IMF memperkirakan pertumbuhan global akan berada di angka 2,8% pada 2025. Perkiraan itu turun setengah poin persentase dibandingkan proyeksi pada Januari lalu.
Meskipun Bank Dunia baru akan mengumumkan proyeksi terbarunya pada bulan Juni, Gill menyatakan konsensus para ekonom global menunjukkan adanya penurunan cukup besar dalam proyeksi pertumbuhan dan volume perdagangan.
Indeks ketidakpastian yang sudah berada pada tingkat tinggi dibandingkan satu dekade lalu, kembali melonjak menyusul pengumuman tarif impor Trump pada 2 April.
Gill menuturkan bahwa dibandingkan krisis keuangan global 2008-2009 dan pandemi Covid-19, guncangan ekonomi kali ini berakar dari kebijakan pemerintah.
Menurut Gill, kondisi ini semakin membebani pertumbuhan negara-negara berkembang. Padahal, negara-negara tersebut mengalami perlambatan sekitar 6% dua dekade lalu. Sedangkan, pertumbuhan perdagangan global hanya diperkirakan mencapai 1,5%, jauh di bawah rata-rata 8% yang dicapai pada awal 2000-an.
Gill juga menyoroti aliran portofolio ke negara berkembang serta investasi langsung asing (FDI) mengalami penurunan. Hal ini serupa dengan tren yang terjadi pada masa krisis sebelumnya.
"FDI adalah 5% dari PDB di pasar negara berkembang selama masa-masa baik. Sekarang sebenarnya 1% dan aliran portofolio dan aliran FDI secara keseluruhan turun," katanya.
Ancaman utang dan pentingnya negosiasi dagang
Tingginya tingkat utang menyebabkan sekitar setengah dari 150 negara berkembang dan pasar berkembang kesulitan membayar utangnya. Bahkan, bisa jadi muncul risiko gagal bayar.
Tingkat utang dua kali lipat lebih besar dibandingkan pada 2024. Utang negara-negara berkembang dikhawatirkan akan terus bertambah jika ekonomi global terus melemah.
"Jika pertumbuhan global melambat, perdagangan melambat, lebih banyak negara dan suku bunga tetap tinggi, maka Anda akan membuat banyak negara ini mengalami kesulitan utang, termasuk beberapa yang merupakan eksportir komoditas," jelas Gill.

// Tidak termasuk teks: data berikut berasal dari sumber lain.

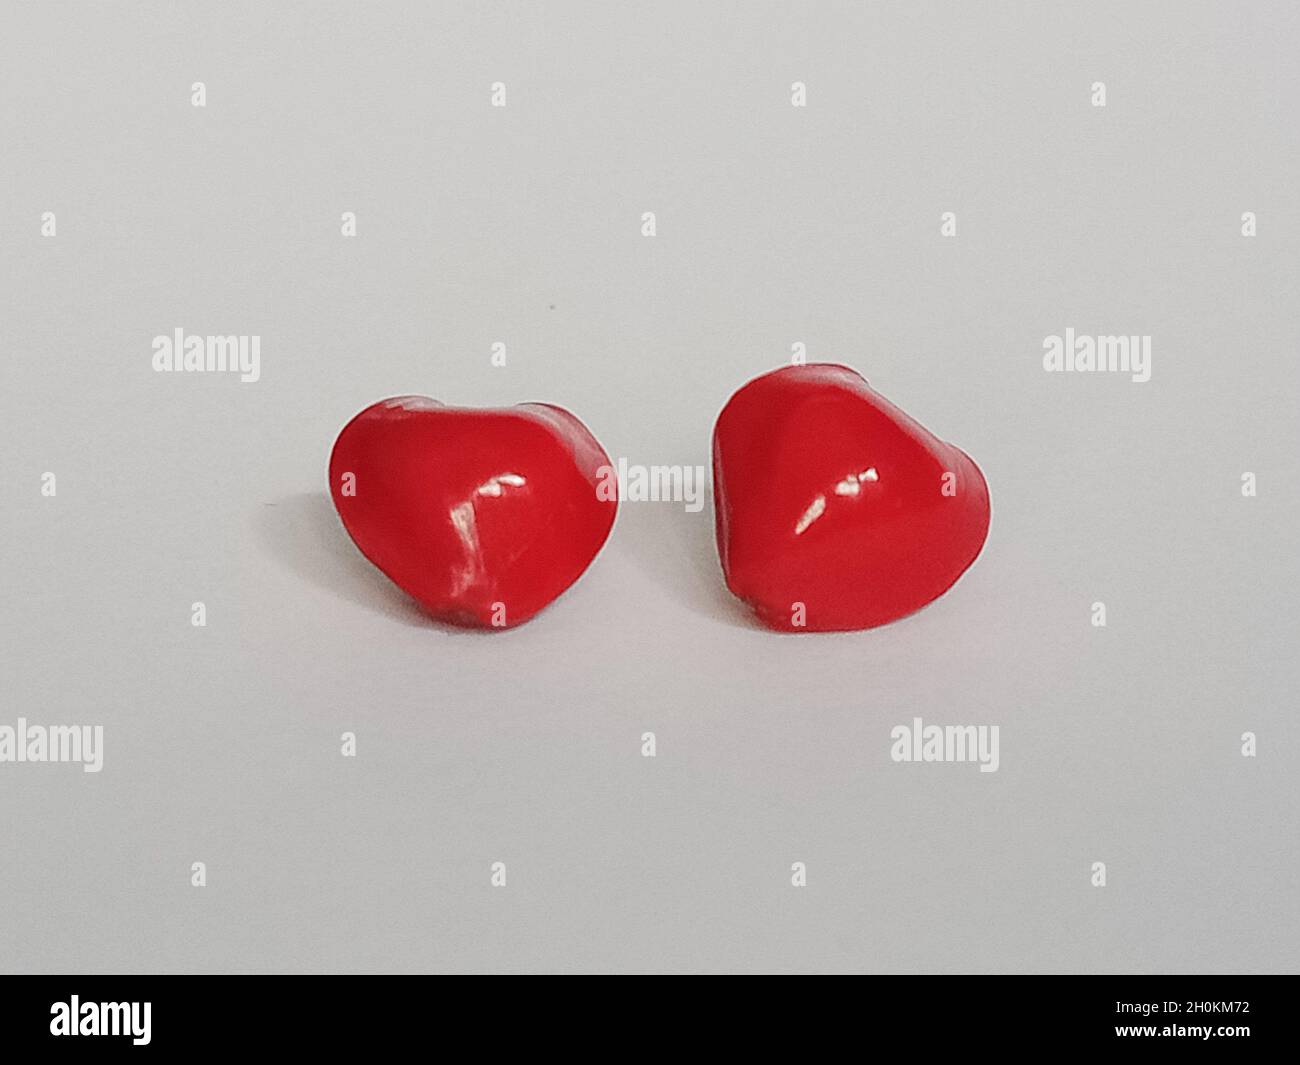 red heart shape saga seeds Stock Photo

Ia juga menyebutkan bahwa pembayaran bunga bersih telah berada di angka 12%, naik dari 7% pada 2014.
"Tingkatnya bahkan lebih tinggi untuk negara-negara miskin, di mana biaya pembayaran utang menghabiskan 20% dari PDB sekarang, dibandingkan dengan 10% satu dekade lalu," tambah Gill.
Konsekuensinya, banyak negara harus mengurangi anggaran untuk sektor-sektor penting seperti pendidikan, layanan kesehatan, serta program pembangunan lainnya. Gill memperkirakan suku bunga akan tetap tinggi akibat meningkatnya ekspektasi inflasi.
Kondisi ini berpotensi memperburuk beban utang negara-negara jika mereka harus menerbitkan utang baru untuk membayar kewajiban lama.
Gill memberikan rekomendasi kepada negara-negara berkembang untuk segera menegosiasikan kesepakatan dengan Amerika Serikat. Tujuannya untuk menurunkan tarif impor sekaligus menghindari beban tarif tinggi dari AS.
Menurutnya, langkah tersebut diambil saat ini ketika tekanan dari AS mungkin bisa membantu melemahkan resistensi di dalam negeri. Upaya tersebut dapat memberikan dorongan pertumbuhan yang substansial.